Publication year - 2014
Publication title -
the journal of physiology
Language(s) - English
Resource type - Journals
SCImago Journal Rank - 1.802
H-Index - 240
eISSN - 1469-7793
pISSN - 0022-3751
DOI - 10.1113/jphysiol.2013.266015
Subject(s) - deubiquitinating enzyme , neural facilitation , synaptic plasticity , synaptic fatigue , synaptic vesicle , synaptic augmentation , microbiology and biotechnology , ubiquitin , biology , synaptic scaling , chemistry , hippocampal formation , neuroscience , metaplasticity , biochemistry , vesicle , receptor , membrane , gene
Key points Mice carrying the ataxia ( ax J ) mutation have a 95% reduction in the deubiquitinating enzyme USP14, which results in a reduction in hippocampal paired pulse facilitation, a form of short‐term synaptic plasticity. Hippocampal synapses in ax J mice have a 50% reduction in synaptic vesicles but no change in the initial release probability, which is a novel mechanism for regulating paired pulse facilitation. USP14 modulates hippocampal short‐term plasticity and structure independent of its deubiquitinating activity, as overexpression of a catalytically inactive form of USP14 restores hippocampal paired pulse facilitation and vesicle number to the ataxia mice. Pharmacological inhibition of the proteasome also rescues the deficits in hippocampal short‐term plasticity in ataxia mice, implying that the loss of USP14 causes increased protein degradation. These results suggest that USP14 plays a modulatory role in regulating protein turnover by the proteasome that is independent of its canonical role in the disassembly of polyubiquitin conjugates.Abstract The ubiquitin proteasome system is required for the rapid and precise control of protein abundance that is essential for synaptic function. USP14 is a proteasome‐bound deubiquitinating enzyme that recycles ubiquitin and regulates synaptic short‐term synaptic plasticity. We previously reported that loss of USP14 in ax J mice causes a deficit in paired pulse facilitation (PPF) at hippocampal synapses. Here we report that USP14 regulates synaptic function through a novel, deubiquitination‐independent mechanism. Although PPF is usually inversely related to release probability, USP14 deficiency impairs PPF without altering basal release probability. Instead, the loss of USP14 causes a large reduction in the number of synaptic vesicles.

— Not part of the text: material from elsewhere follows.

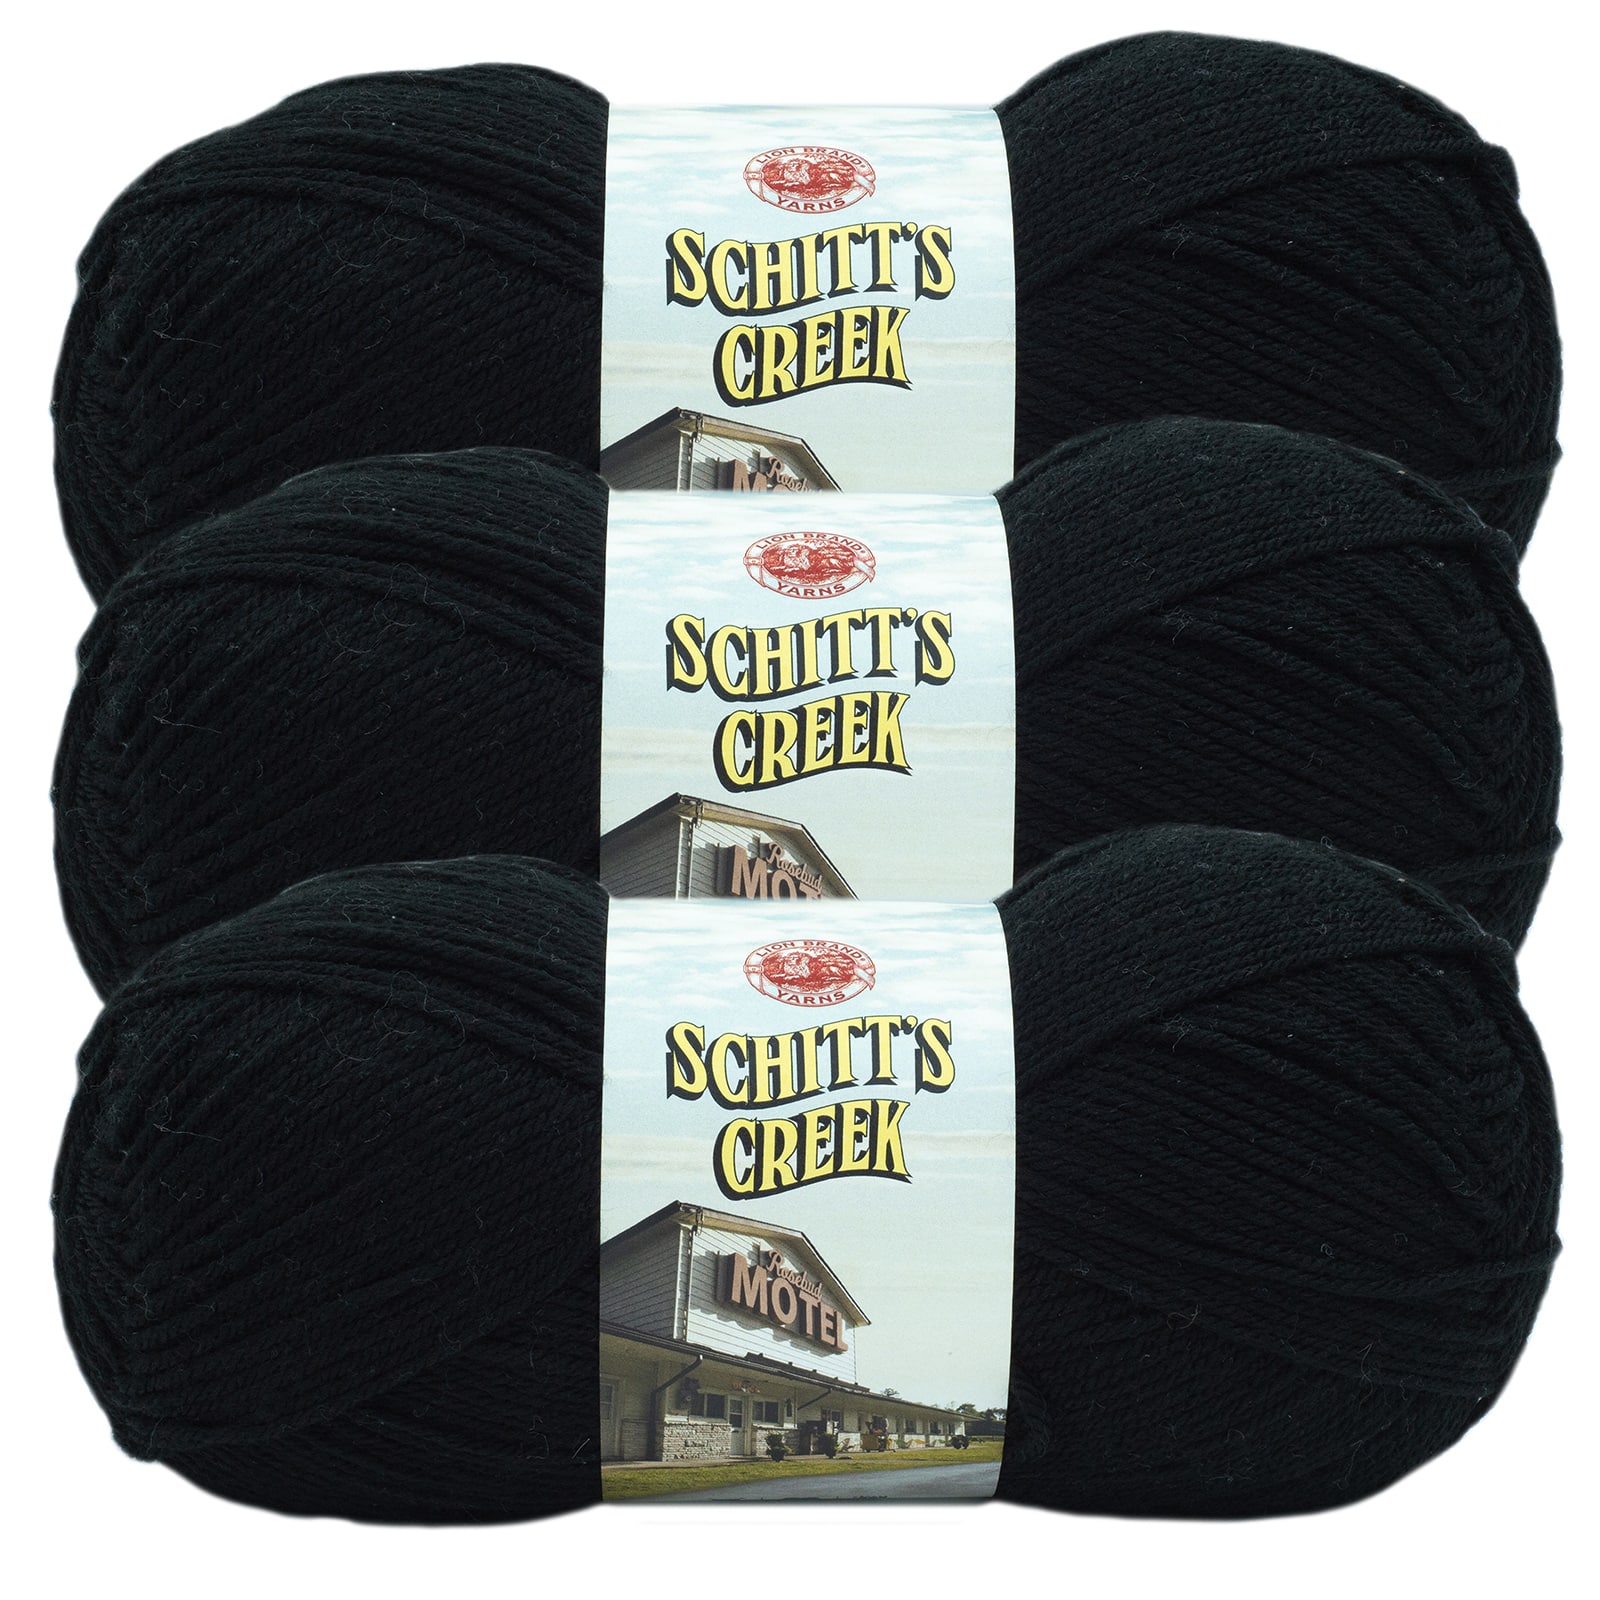 3 Pack Lion Brand® Schitt's Creek Yarn

Over‐expression of a catalytically inactive form of USP14 rescues the PPF deficit and restores synaptic vesicle number, indicating that USP14 regulates presynaptic structure and function independently of its role in deubiquitination. Finally, the PPF deficit caused by loss of USP14 can be rescued by pharmacological inhibition of proteasome activity, suggesting that inappropriate protein degradation underlies the PPF impairment. Overall, we demonstrate a novel, deubiquitination‐independent function for USP14 in influencing synaptic architecture and plasticity.